They then treated the women with a combination of Herceptin and the chemotherapy drug Navelbine weekly for 12 weeks. Although this is not the first study to test Herceptin use before surgery, it is the first to examine the use of Navelbine, a drug approved for lung cancer treatment, in combination with Herceptin to treat HER2-positive tumors. "We were motivated to use Navelbine because we found it has few side effects when used to treat metastatic breast cancer," said Harris, who conducted much of the research study at Harvard before moving to Yale.
After treatment, the tumors were surgically removed and gene chips were again used to examine RNA transcription -- making these investigators the first to use such a technique on Herceptin treated tumors. "This kind of profiling has been done to look at response to chemotherapy drugs, but not at Herceptin resistance," Harris said.
The researchers then divided tumors into groups depending on how well they responded to therapy, and examined the baseline and post-therapy RNA profiles to find genes that were more commonly expressed in Herceptin sensitive and Herceptin resistant tumors.
They first found that some single gene markers, such as HER2 and ER (estrogen receptor), did not change in the majority of tumors. "That tells us that the cancer cells are still creating HER2 surface proteins even as Herceptin is being used, and that means HER2 loss does not appear to be a mechanism of resistance in early stage breast cancer," Harris said.
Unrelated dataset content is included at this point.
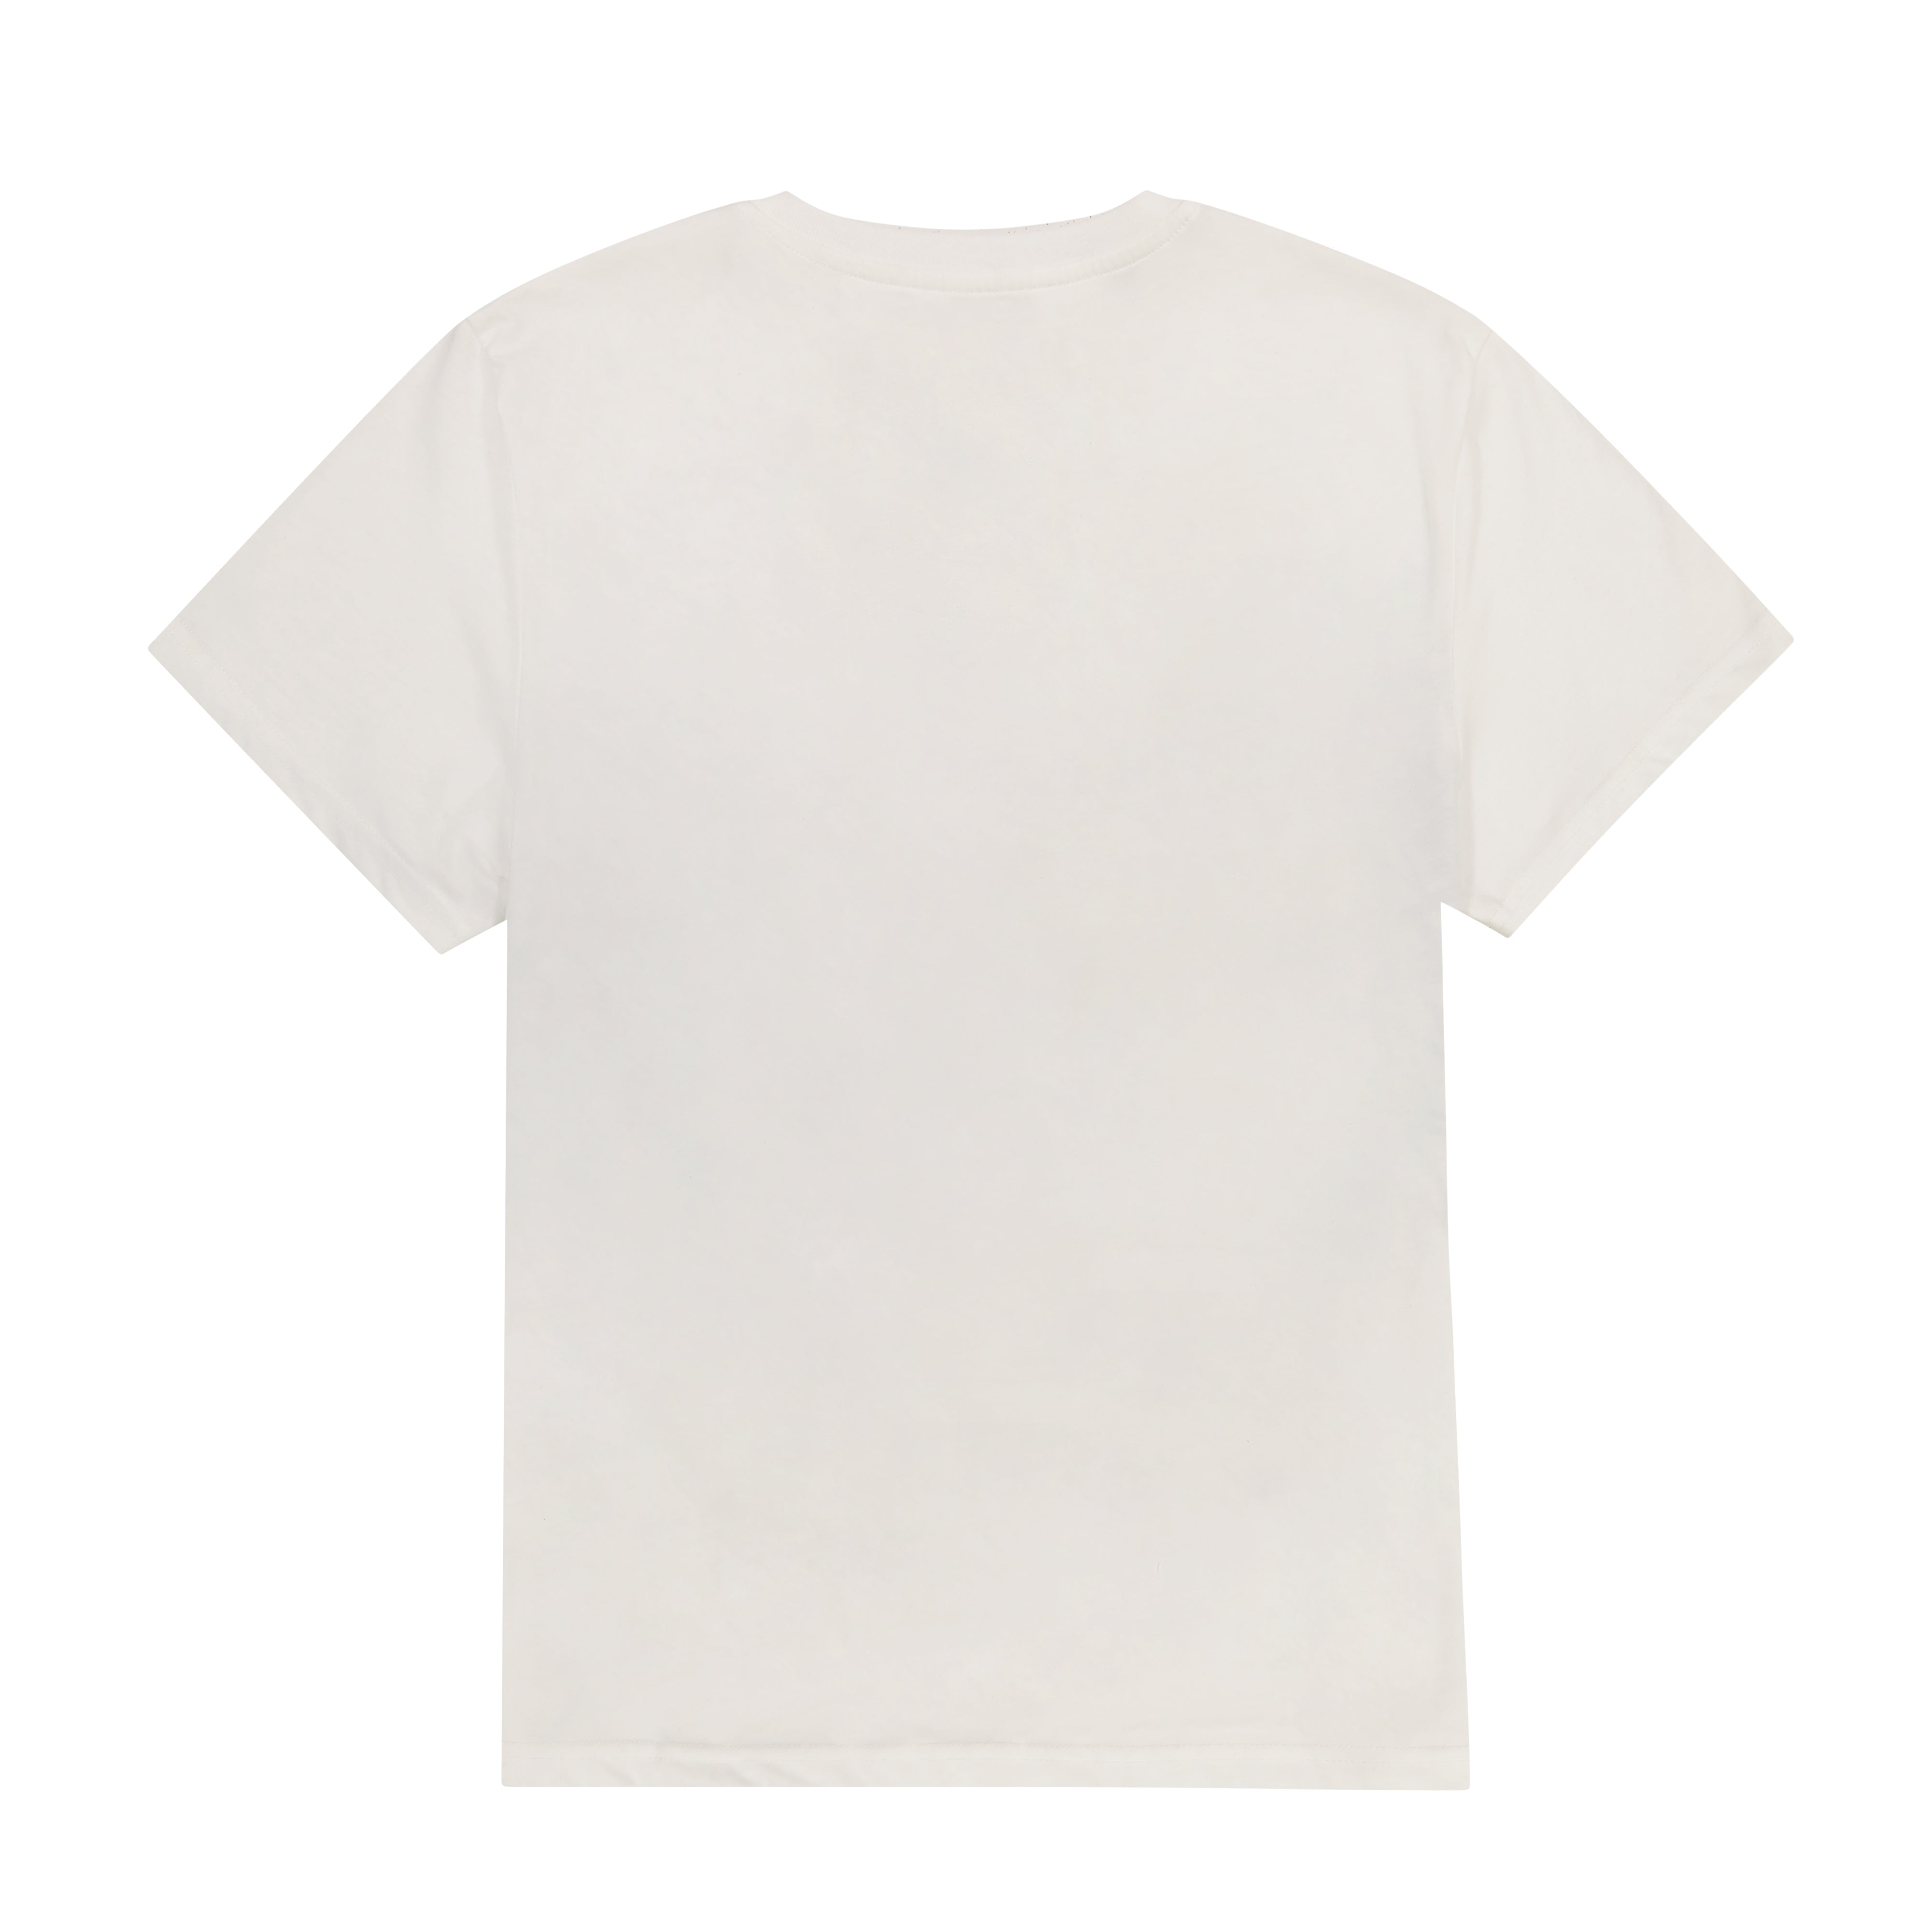 Ed Hardy Cloud Dancer White T-Shirt

Then, using multigene chips, the researchers derived a bevy of transcribed genes that likely play a role in Herceptin resistance. Some, such as IGF-1R, were suspected, because this protein is frequently over-expressed in breast tumors, Harris says, but others were not. For example, non-responding tumors were more likely to express genes associated with basal-like breast cancer, which the researchers found to be surprising. "Most basal-like tumors are HER2-negative," Harris said.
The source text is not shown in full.